### THE TASK
Please return the full listing word for word, leaving out any pictures.

### DATA BLOCK
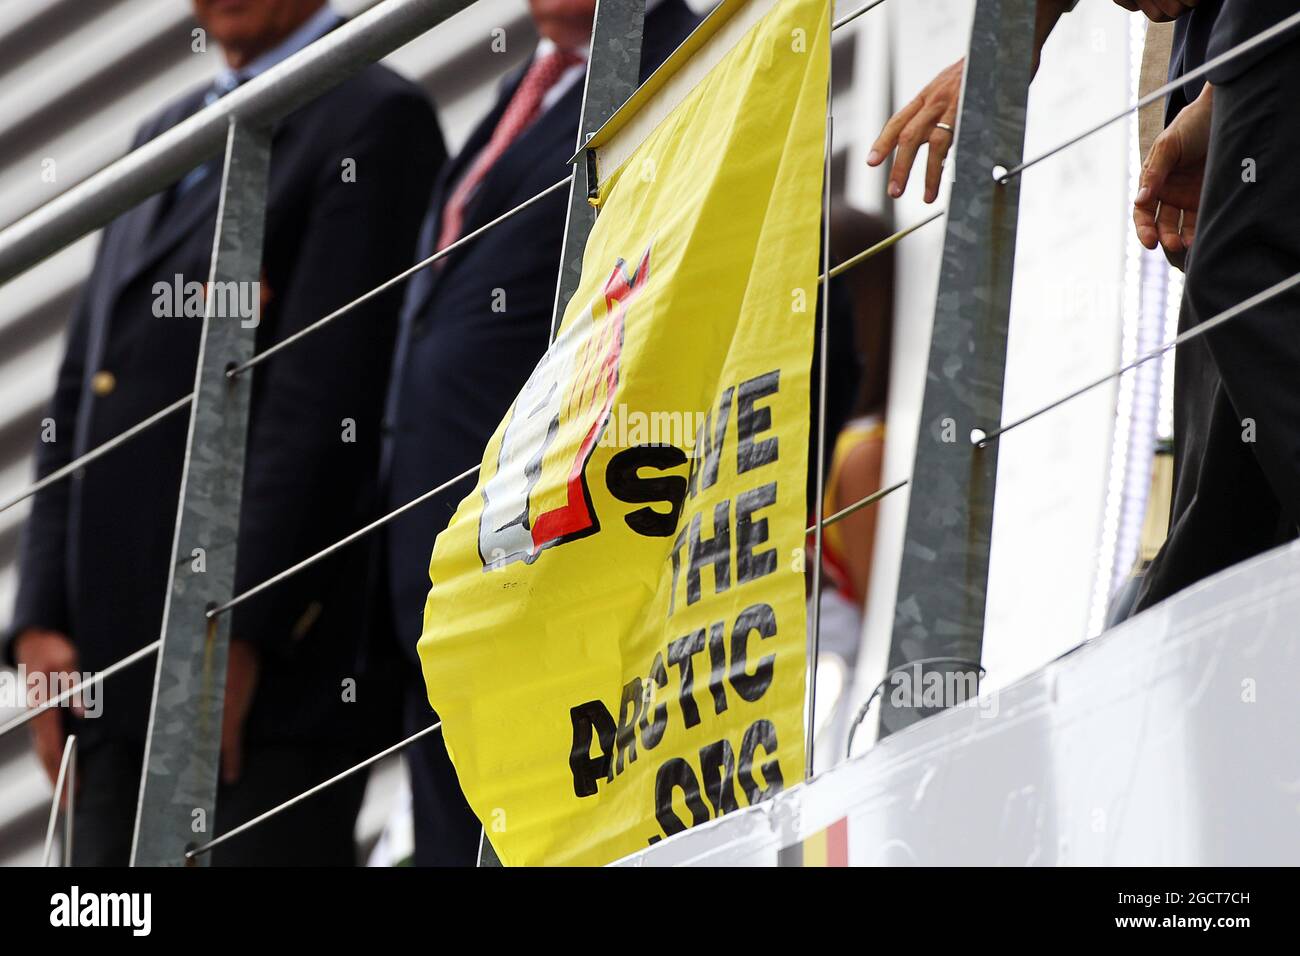 Greenpeace protestiert gegen die Renntitelsponsoren Shell am Podium. Großer Preis von Belgien, Sonntag, 25. August 2013. Spa-Francorchamps, Belgien. Stockfoto
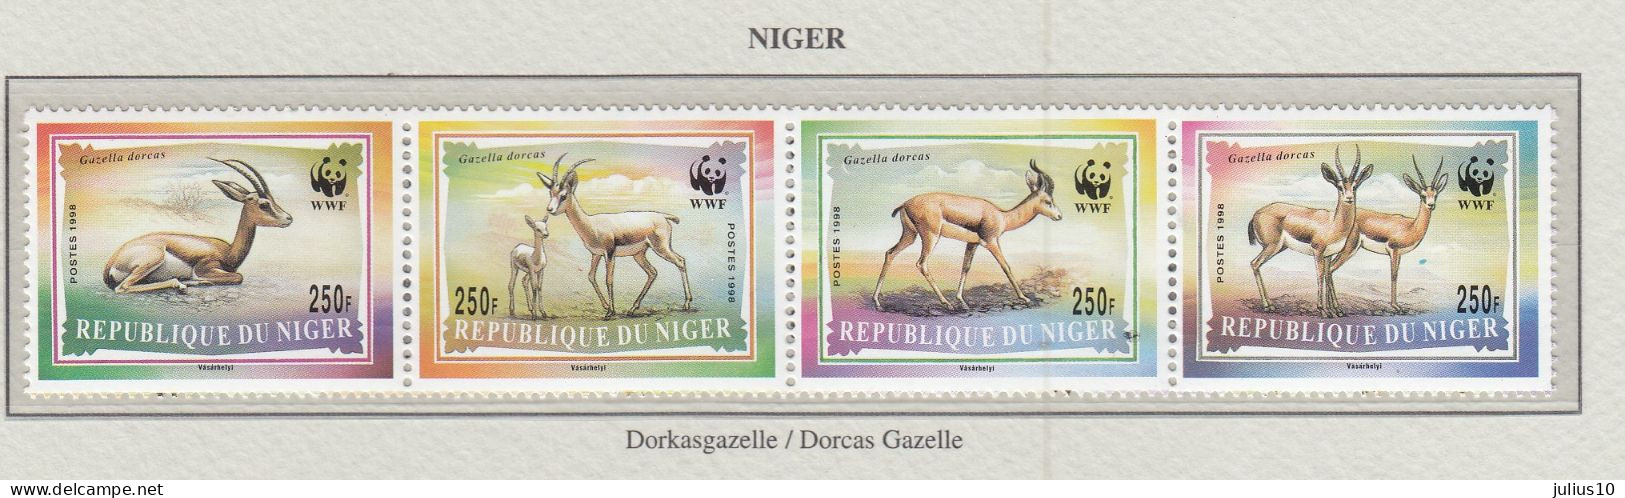 NIGER 1998 WWF Animals Dorcas Gazelle  MiNr. 1460 - 1463 MNH(**) Fauna 594 - Ongebruikt
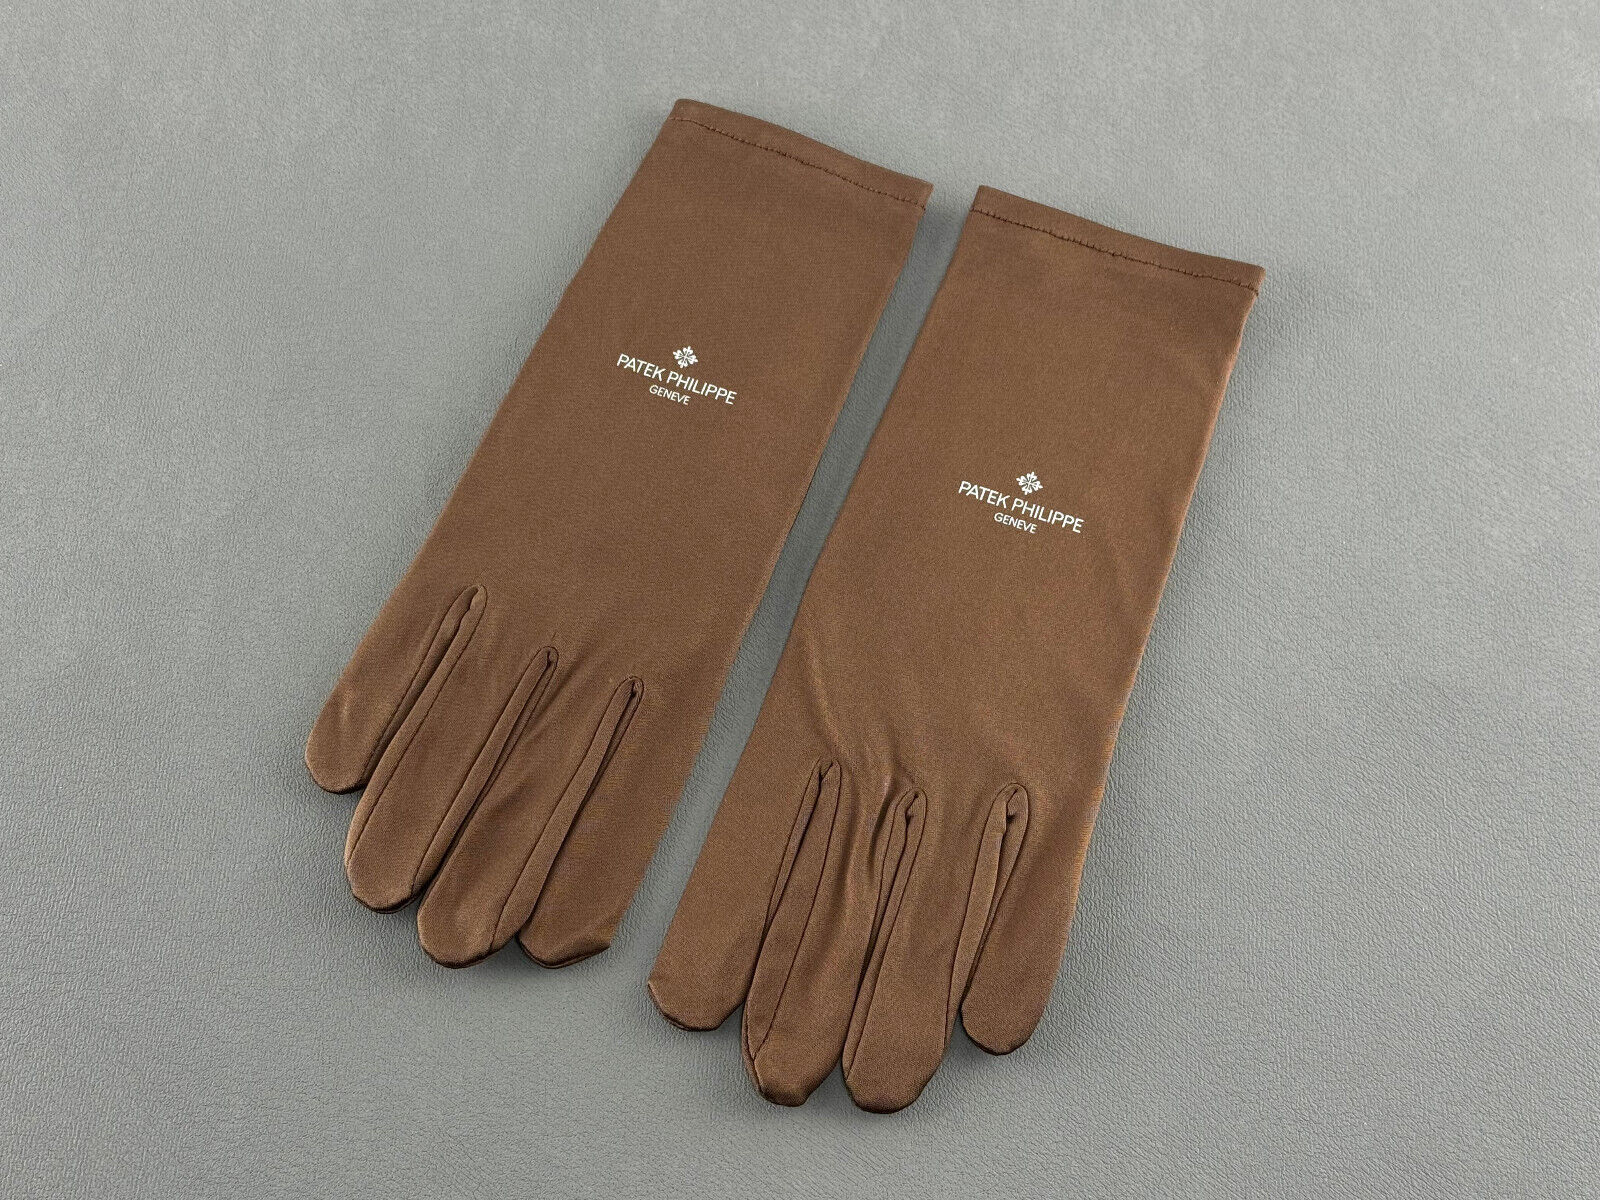 Patek Philippe Juwelier Handschuhe Polyester gloves Braun brown
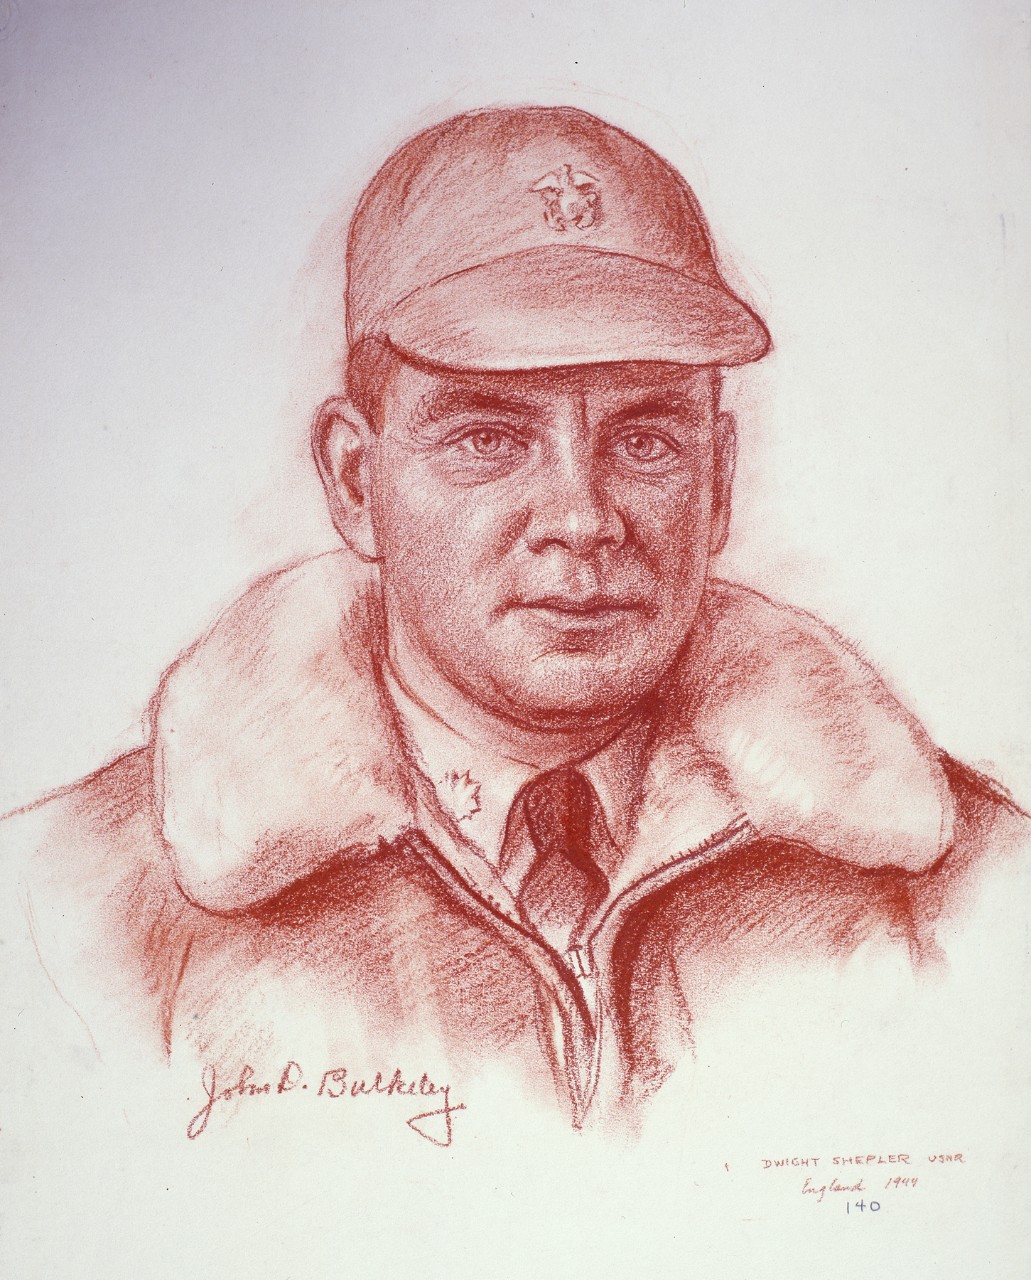 Lt. Commander John D. Bulkeley

### SOLUTION BELOW
 Greenpeace protestiert gegen die Renntitelsponsoren Shell am Podium. Großer Preis von Belgien, Sonntag, 25. August 2013. Spa-Francorchamps, Belgien. Stockfoto
 NIGER 1998 WWF Animals Dorcas Gazelle  MiNr. 1460 - 1463 MNH(**) Fauna 594 - Ongebruikt
 Patek Philippe Juwelier Handschuhe Polyester gloves Braun brown
 Lt. Commander John D. Bulkeley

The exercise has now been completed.